*** Opening of Records shown ***

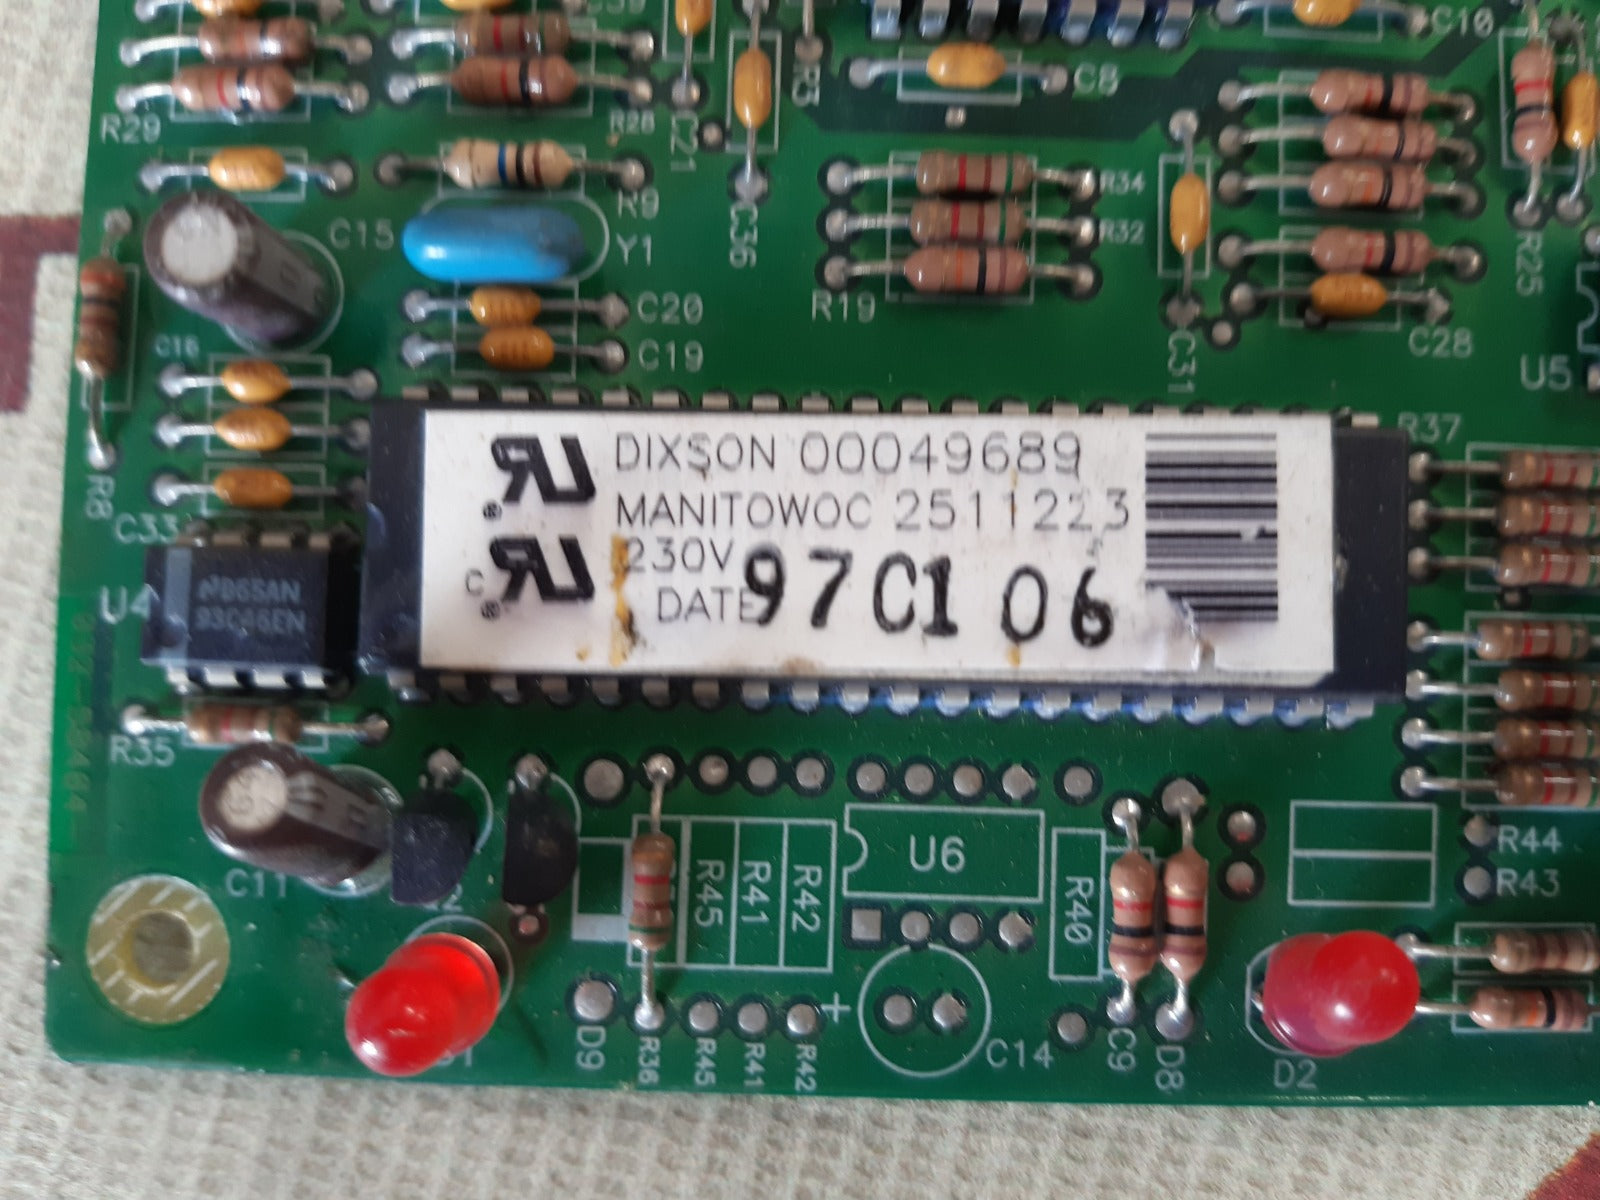 Manitowoc 2511223 /dixson 00049689 control board
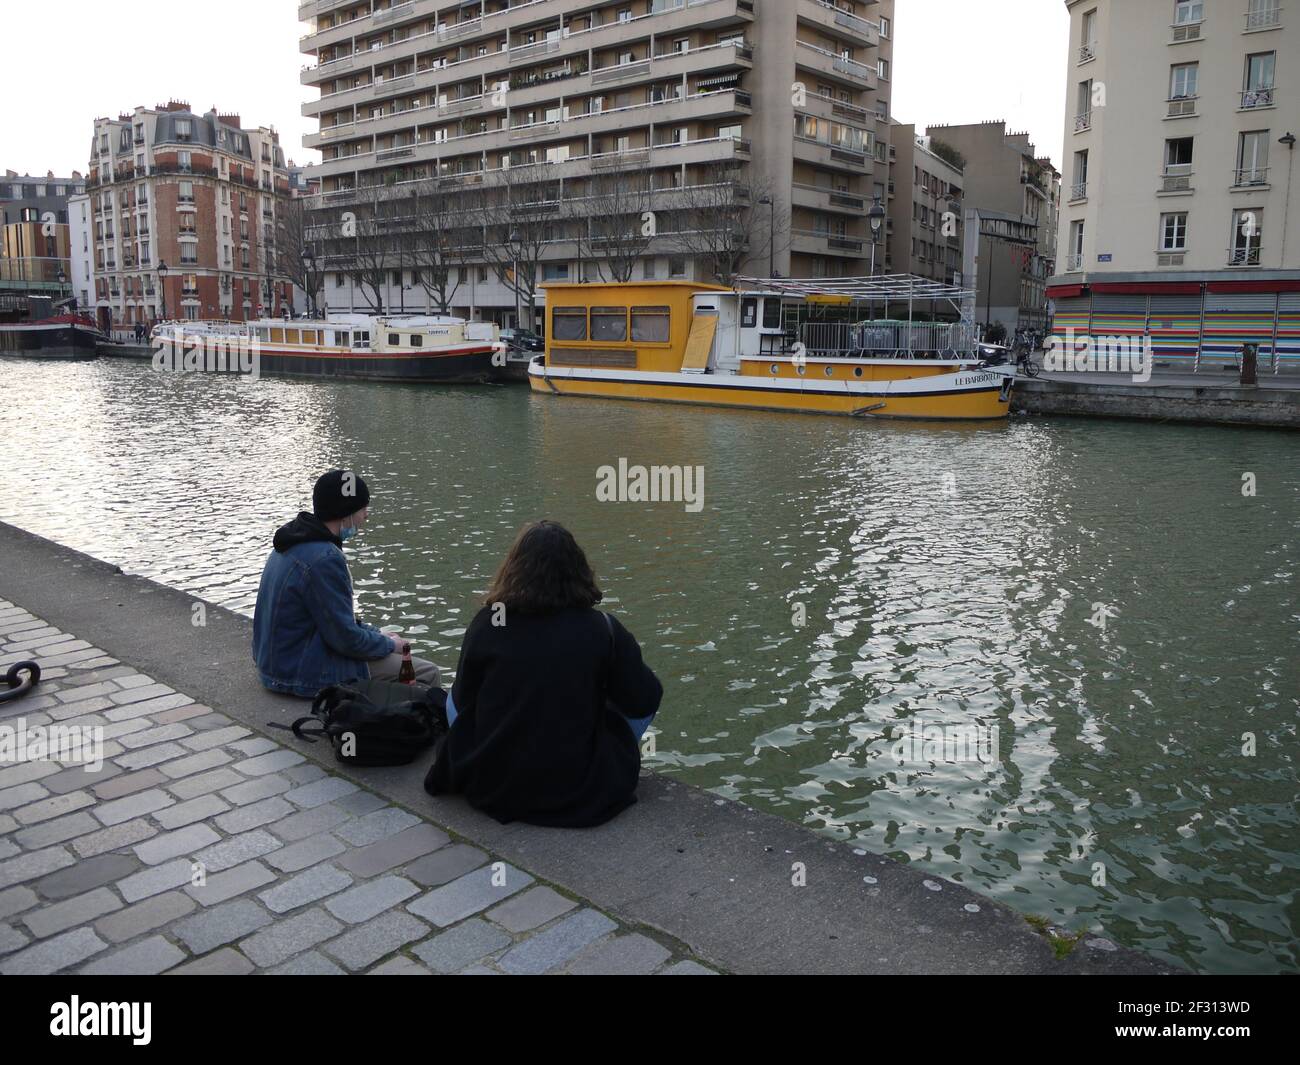 Les quais du canal Ourcq à Paris sont un Lieu pour les Parisiens à pied le dimanche et pour se garer pour les barges Banque D'Images
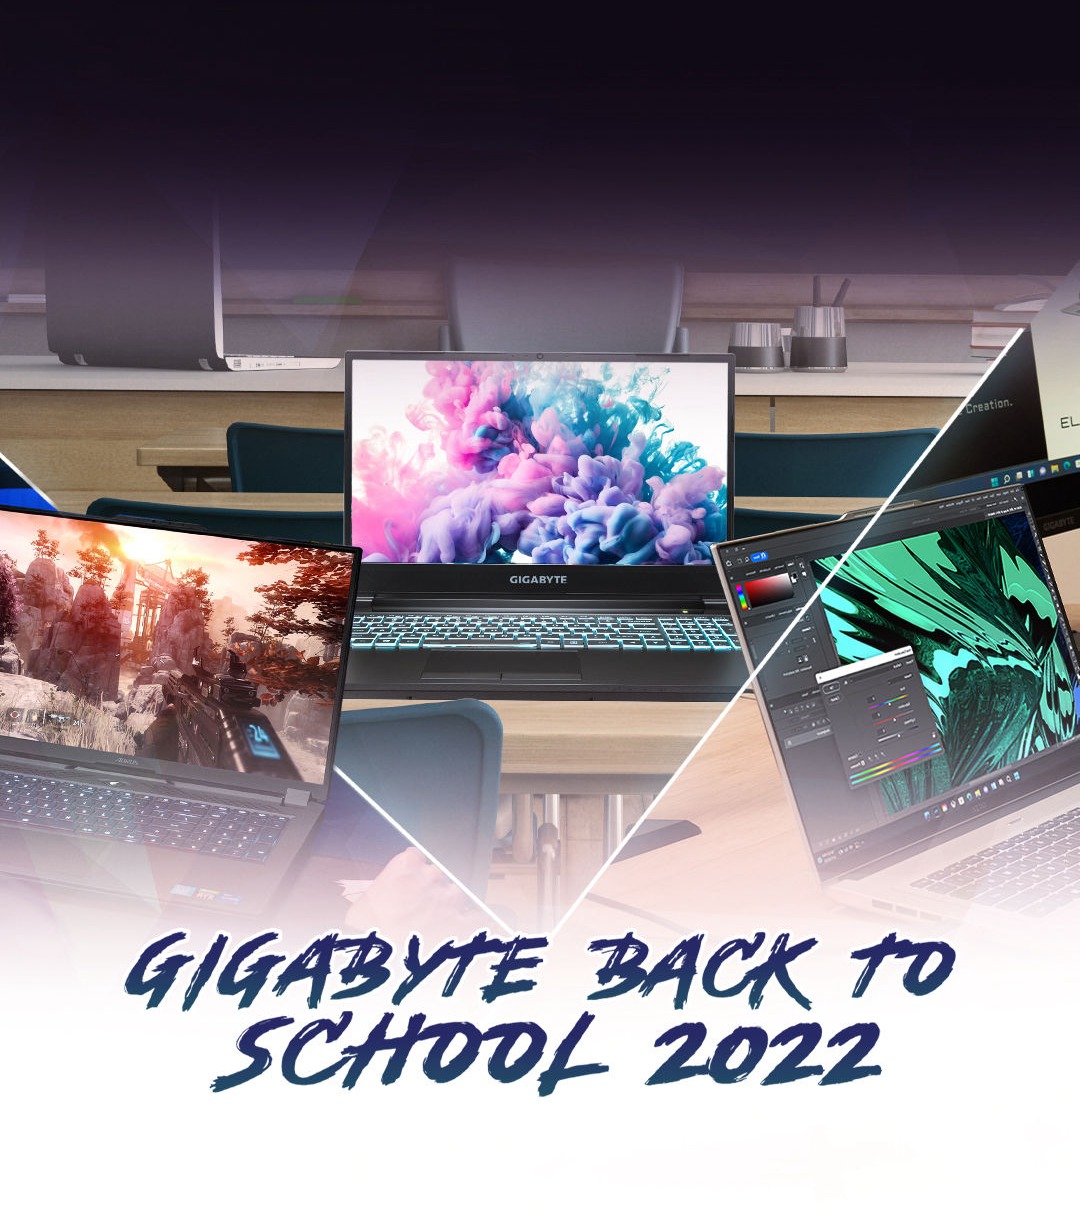 GIGABYTE BACK TO SCHOOL 2022
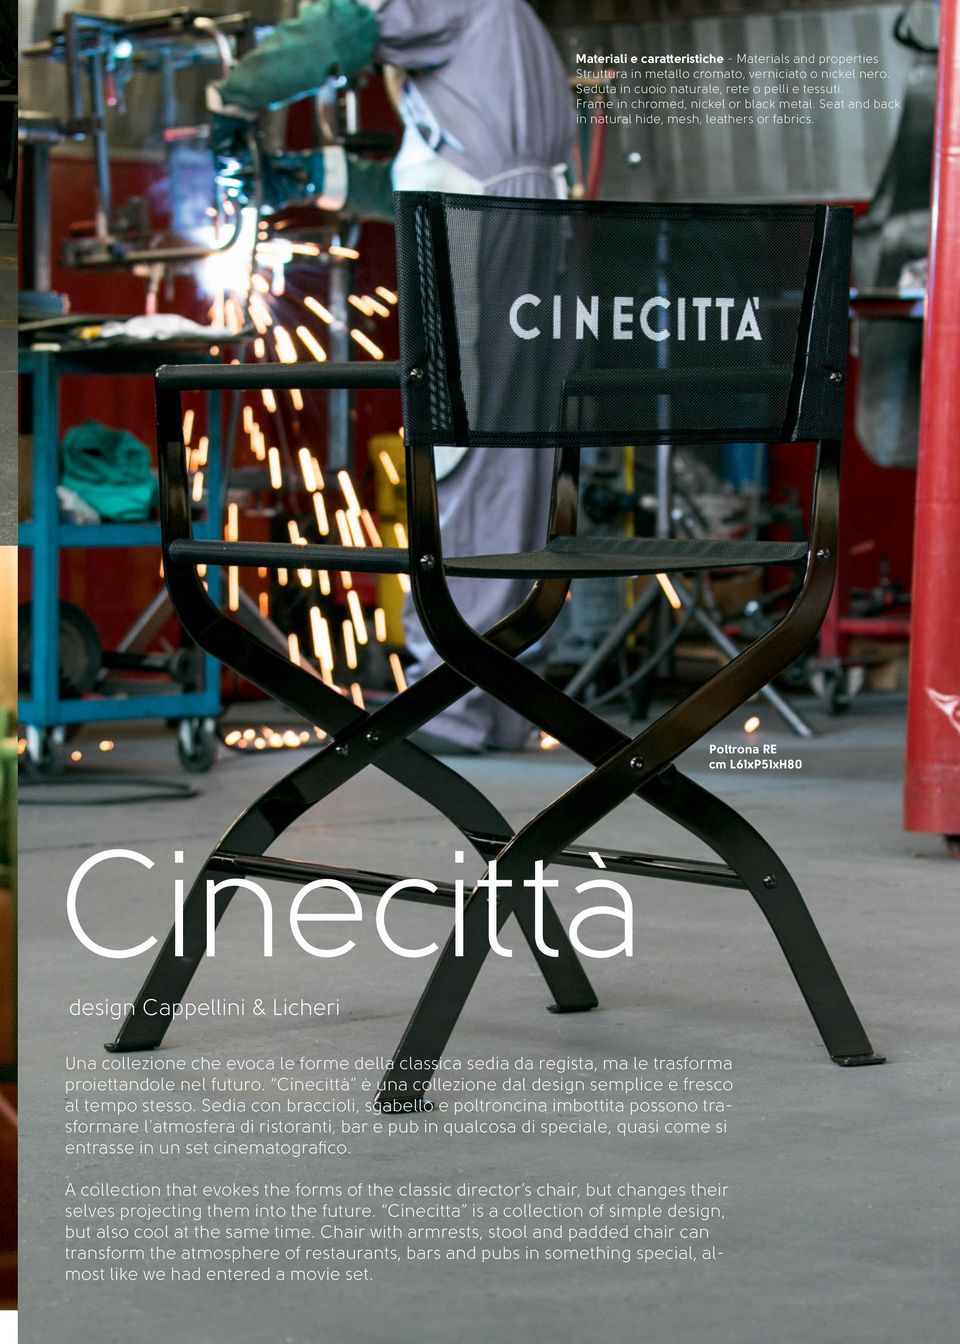 Poltrona RE cm L61xP51xH80 Cinecittà design Cappellini & Licheri Una collezione che evoca le forme della classica sedia da regista, ma le trasforma proiettandole nel futuro.
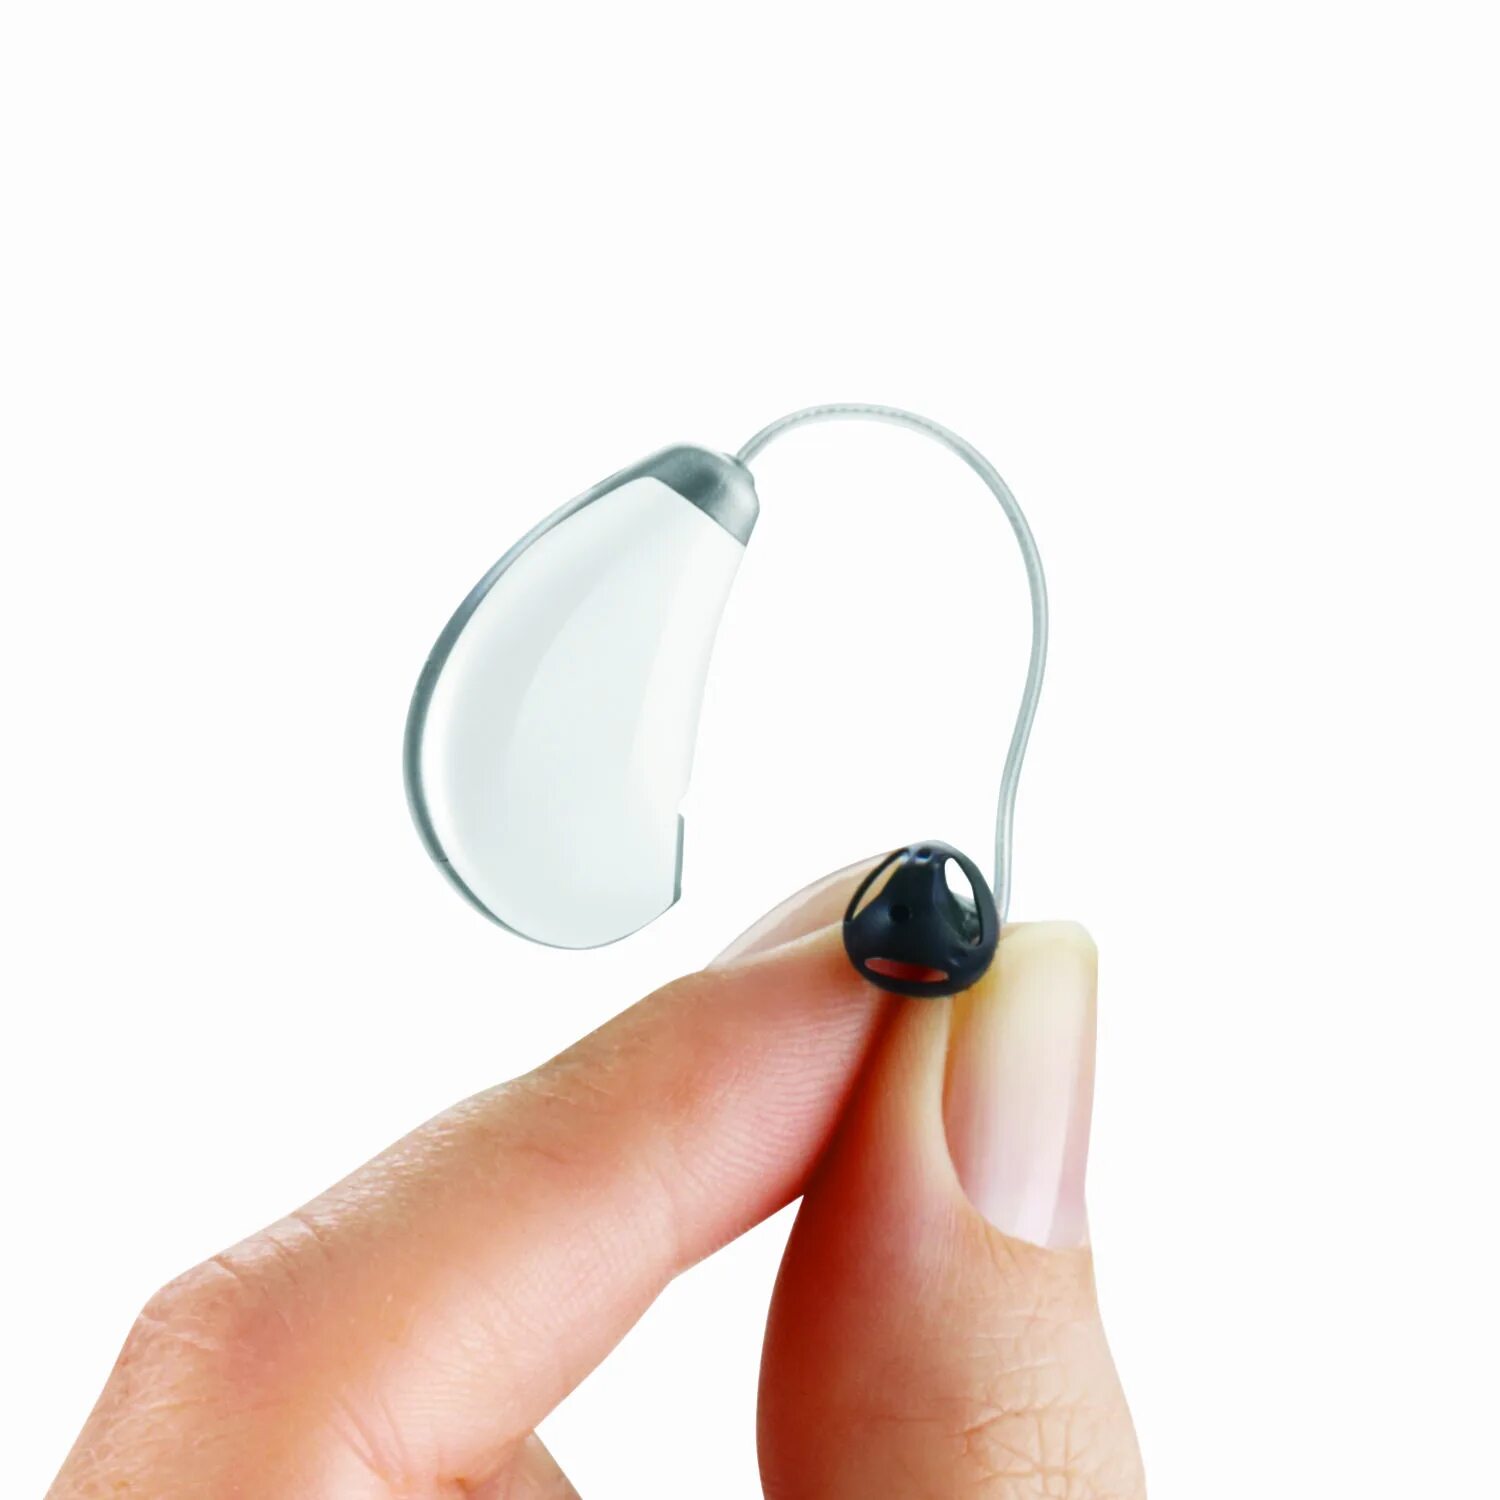 Слуховой аппарат для слабослышащих. Внутриканальный слуховой аппарат Widex Mini s 270. Слуховой аппарат Tango 6m. Cros,NFM c090 слуховой аппарат. Слуховой аппарат Pure 2px.

*** Close of Records shown ***

About this task: Leaving each image aside, repeat the listing above exactly.

Written solution:
 Manitowoc 2511223 /dixson 00049689 control board
 Les quais du canal Ourcq à Paris sont un Lieu pour les Parisiens à pied le dimanche et pour se garer pour les barges Banque D'Images
 GIGABYTE BACK TO SCHOOL 2022
 Poltrona RE cm L61xP51xH80 Cinecittà design Cappellini & Licheri Una collezione che evoca le forme della classica sedia da regista, ma le trasforma proiettandole nel futuro.
 Слуховой аппарат для слабослышащих. Внутриканальный слуховой аппарат Widex Mini s 270. Слуховой аппарат Tango 6m. Cros,NFM c090 слуховой аппарат. Слуховой аппарат Pure 2px.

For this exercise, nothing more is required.